On June 27, 2016, the Company filed Form 8-K disclosing its entry into a material definitive agreement with Tangiers Global, LLC, a Wyoming Limited Liability Company (“Tangiers”). Pursuant to an Investment Agreement between the Company and Tangiers, Tangiers agreed to invest up to five million dollars ($5,000,000) to purchase the Company’s Common Stock, par value $0.00001 per share, based upon an exemption from registration provided under Section 4(a)(2) of the 1933 Securities Act, and Section 506 of Regulation D promulgated thereunder. Concurrently, the Registrant and Tangiers entered into a Registration Rights Agreement, as an inducement to Tangiers to execute and deliver the Investment Agreement, whereby the Registrant agreed to provide certain registration rights under the Securities Act of 1933, as amended.
On August 10, 2016, the Company filed Form 8-K disclosing that the Company and Tangiers executed an amended and restated Registration Rights Agreement and Investment Agreement. Both amended and restated agreements were filed with the Company’s Form 10-Q for the June 30, 2016 quarter, filed on August 18, 2016.
On September 12, 2016, the Company filed Form S-1 Registration Statement for 5,829,842 shares of Company common stock to be sold to Tangiers Global, LLC under the amended and restated Investment Agreement and Registration Rights Agreement. The Securities and Exchange Commission granted notice of effectiveness of the registration on November 8, 2016.

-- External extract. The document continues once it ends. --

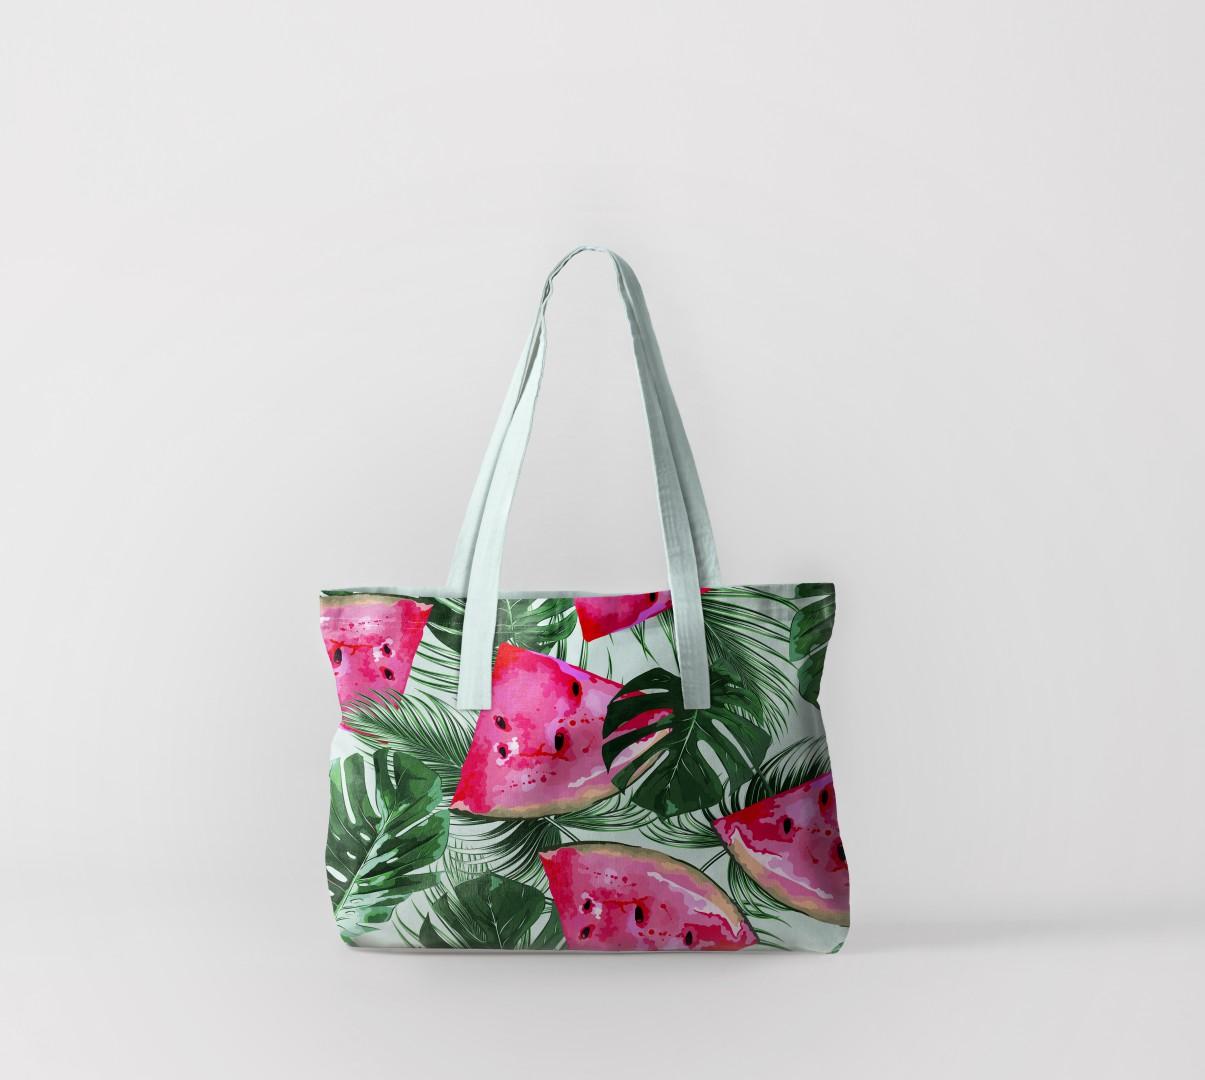 Пляжная сумка Арбузы (50х40 см) Олимп Текстиль oli732554

Pursuant to the amended and restated Investment Agreement, the Company sold registered common shares to Tangiers in two separate transactions: On December 6, 2016, the Company sold 284,933 shares to Tangiers in exchange for $ $159,687.85; and on December 14, 2016, the Company sold 628,536 shares to Tangiers in exchange for $ $370,082.
Consistent with the amended and restated investment agreement, the Company will use the funds for general corporate and working capital purposes and acquisitions of assets, businesses or operations or for other purposes that the board of directors of the Company, in its good faith, deems to be in the best interest of the Company.
SIGNATURES
Pursuant to the requirements of the Securities Exchange Act of 1934, the Registrant has duly caused this report to be signed on its behalf by the undersigned hereunto duly authorized.
Dated December 16, 2016
AMERICAN CANNABIS COMPANY, INC.
By: /s/Corey Hollister
Corey Hollister
President, Chief Executive Officer
(Principal Executive Officer)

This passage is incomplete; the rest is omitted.